An easy-to-use bioinformatics interface has been developed by a research group led by Tetsuro Toyoda called the RIKEN Bioinformatics And Systems Engineering division (BASE), Yokohama. The web-service-based tool, called Semantic-JSON, and the portal, BioLOD, integrate access to information contained within genomics, proteomics, and other ‘omics’-based data repositories.
“Advances in life sciences increasingly depend upon cross-analysis and integration of diverse information from multiple large databases maintained on remote computer servers,” explains Toyoda. “The challenge is to facilitate data retrieval, integration and collaboration while maintaining database security.”
As a first step, various research organizations worldwide, including RIKEN, recently published 192 public and 190 private mammalian, plant and protein databases. The data are integrated by SciNetS.org, the Scientists’ Networking System. These databases contain more than 8.2 million individual data records.
Pioneering a new global trend, BASE provides ‘structured linked open data’ and private data via the newly developed BioLOD.org portal connecting with the World Wide Web Consortium (W3C) Linking Open Data initiative. These self-described data are interlinked using standard web technologies allowing automatic reading by computers, thereby making them more useful to researchers. The system facilitates information sharing and collaboration between researchers, but brings new challenges.
“The sheer amount of data contained in our biological data cloud outstripped the capacity of existing bioinformatics interfaces to cope with the complexity of researcher queries, motivating us to develop Semantic-JSON,” explains Toyoda.
Semantic-JSON has two major components. The secured, unified data repository integrates data meaningfully—or ‘semantically’ in computer parlance— from numerous sources. The web-based interface allows researchers to retrieve linked data seamlessly and securely using established bioinformatics programming languages and processing. Bioinformatics researchers can then use their specialized computational tools to analyze raw biological data (Fig. 1).
Databases already available through Semantic-JSON and BioLOD.org include the RIKEN Integrated Database of Mammals with 79 human and mouse omics databases, the RIKEN Integrated Database of Plants incorporating 30 similar databases for the plant species Arabidopsis thaliana, and the RIKEN Integrated Protein Database containing 18 databases.

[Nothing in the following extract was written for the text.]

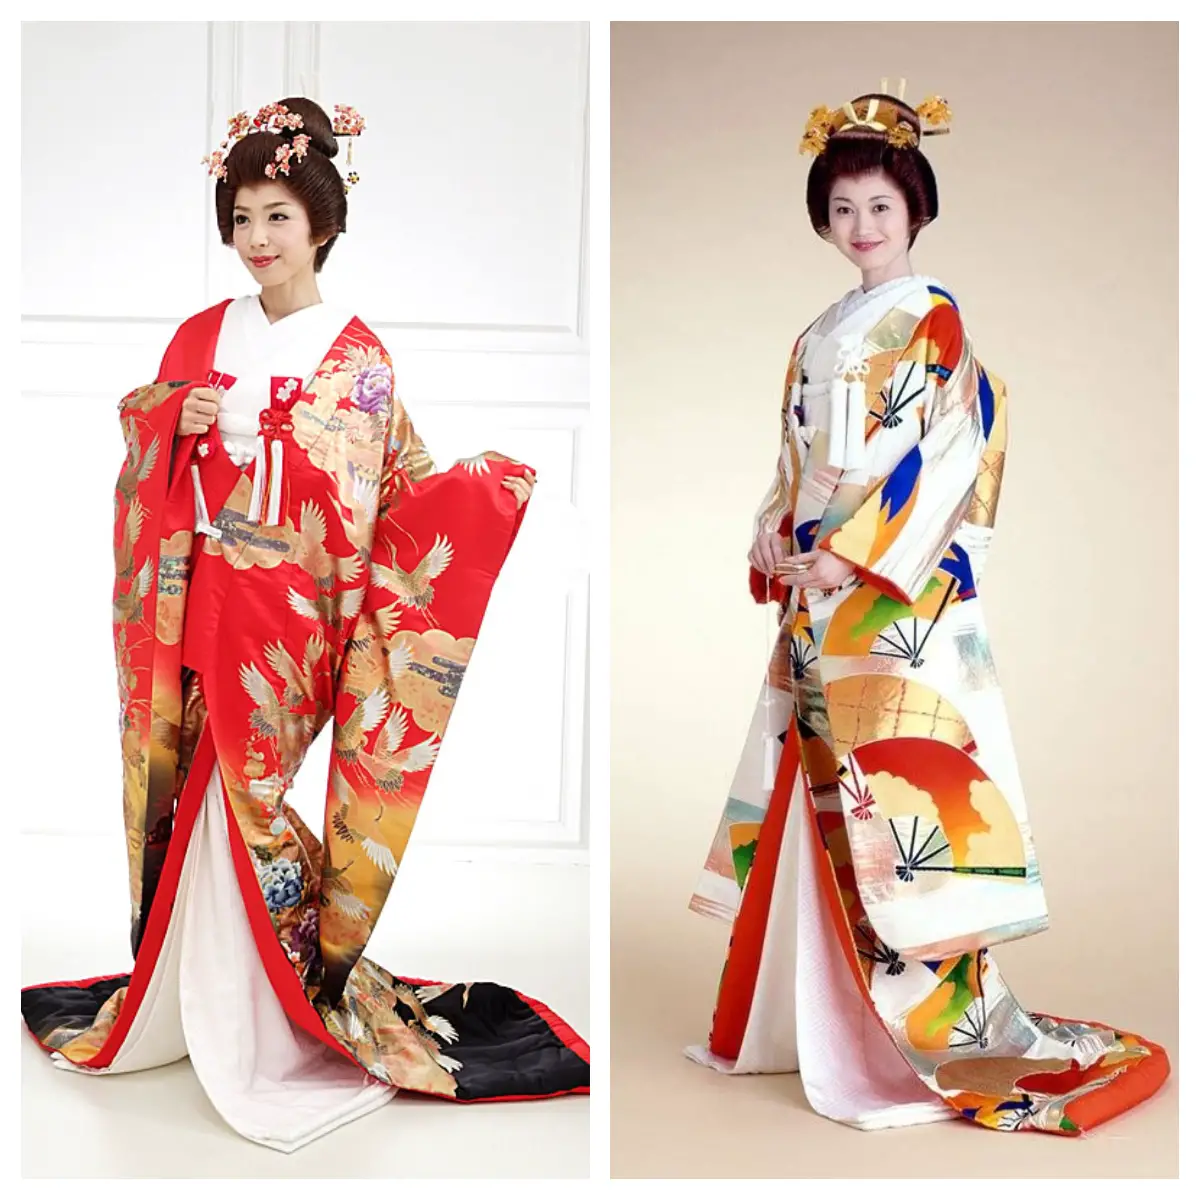 Japanese wedding kimono.

Since December 2009, international researchers have successfully used the system to identify 28 million data relationships, generating some 4.5 terabytes of associated files. Around 134,000 programs from non-RIKEN researchers have accessed the server as of March 2011. Biological applications include genome design, DNA sequence processing, and the inference of phenotype biological characteristics from genomic information.
“Our next goal is to develop and improve the system to increase its functionality and the usefulness of its linked open data to the worldwide biological community,” says Toyoda.
References
Kobayashi, N., Ishii, M., Takahashi, S., Mochizuki, Y., Matsushima, A. & Toyoda, T. Semantic-JSON: a lightweight web service interface for Semantic Web contents integrating multiple life science databases. Nucleic Acids Research published online 1 June, 2011 (doi: 10.1093/nar/gkr353).